In Tune: A Community of Musicians
I miss old-time and bluegrass festivals (reminder: they’re different!) so much. There was a time in my life that my mental state was “life is just something I have to do between festivals”. I miraculously have old-time musician friends here in Bend, but of course, we haven’t been getting together at all during the pandemic. I love a good documentary anytime, especially about my favorite music, but especially now. Or any video of people playing, really.
Thanks, West Virginia Public Broadcasting:
I’m also aware that that the music is absolutely dominated by white people (that documentary is 100% white, by my count), despite that not being the roots. I appreciate The Ashokan Center for running events like African Traditions in American Roots Music:
You probably know the banjo’s African roots, but there’s so much more to learn about the profound rhythmic and melodic influence of African musicians in American roots music throughout history and today. Join fiddler and banjoist Jake Blount (RI), percussionist and storyteller Joakim Lartey (NY), and musician and educator Brandi Pace (TX) for a great conversation and maybe a few tunes.
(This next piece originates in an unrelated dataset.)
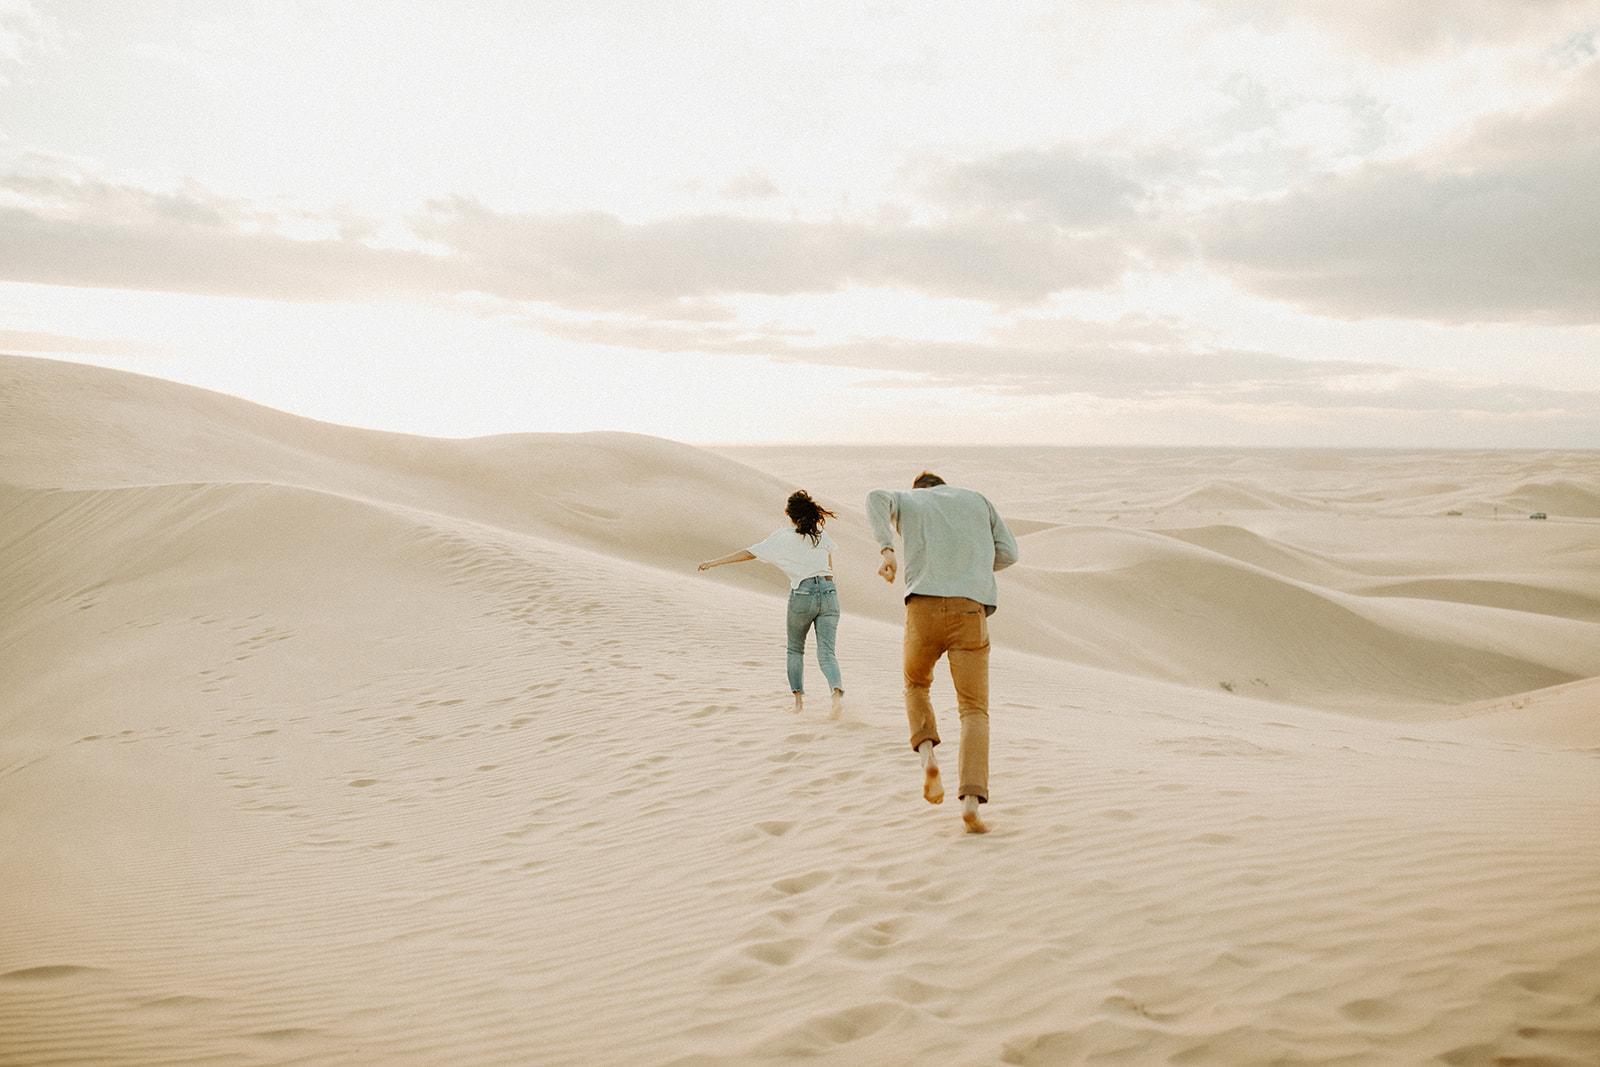 Imperial_Sand_Dunes_Linda_and_Sam_Dawn_Charles_Photographer-2.jpg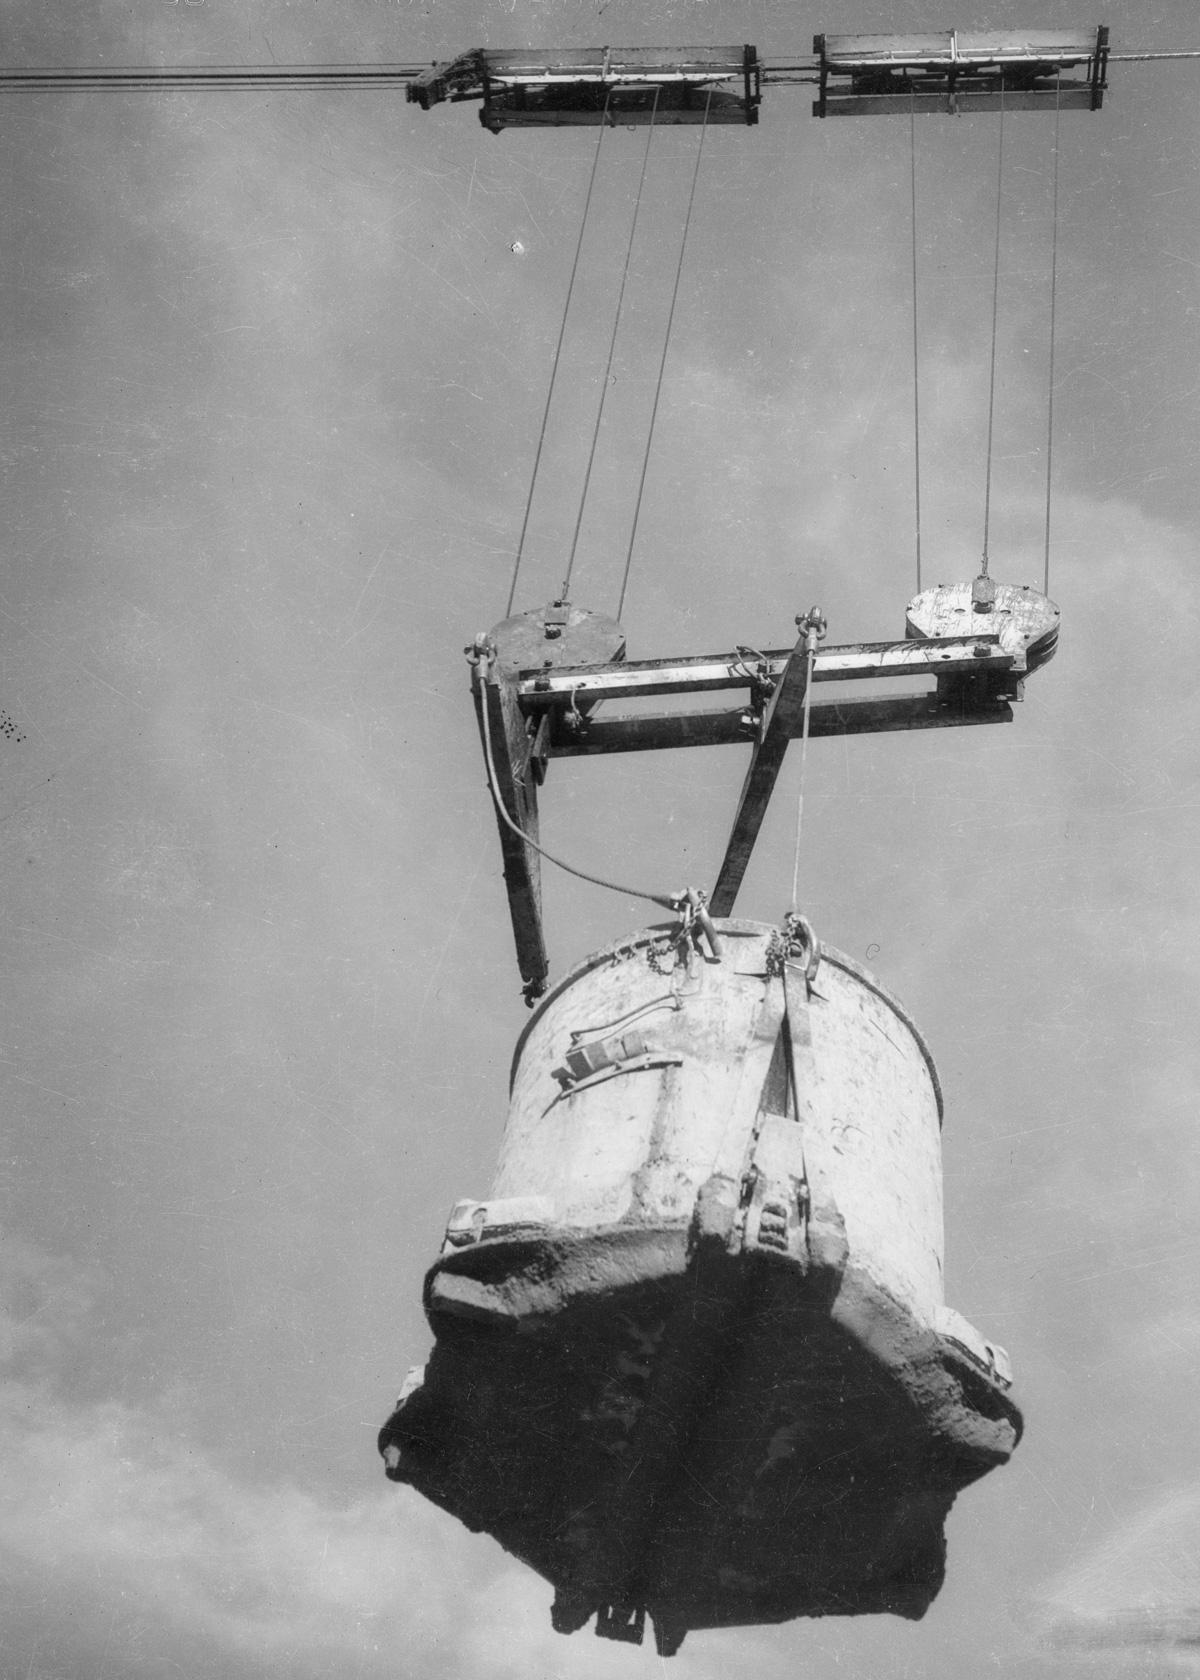 1934 --- Concrete conveyance dw-1934-412-08-67~37 --- Image by © Dick Whittington Studio/Corbis

(I linked up the awesome people leading the conversation names to their personal sites.)
I missed it live, but bought the recording. There is some great stuff to learn in there, like Jake Blount talking about the financial incentives that musicians had once the recording industry came along. It ended up such that black musicians were incentivized to play different sorts of music than white musicians were, which means far less crossover and genre-mixing than there naturally is. Aside from the loss of potentially more interesting and diverse music, it has led to misconceptions, like that black people weren’t a part of this style of music (“hillbilly music” it was literally called) all along.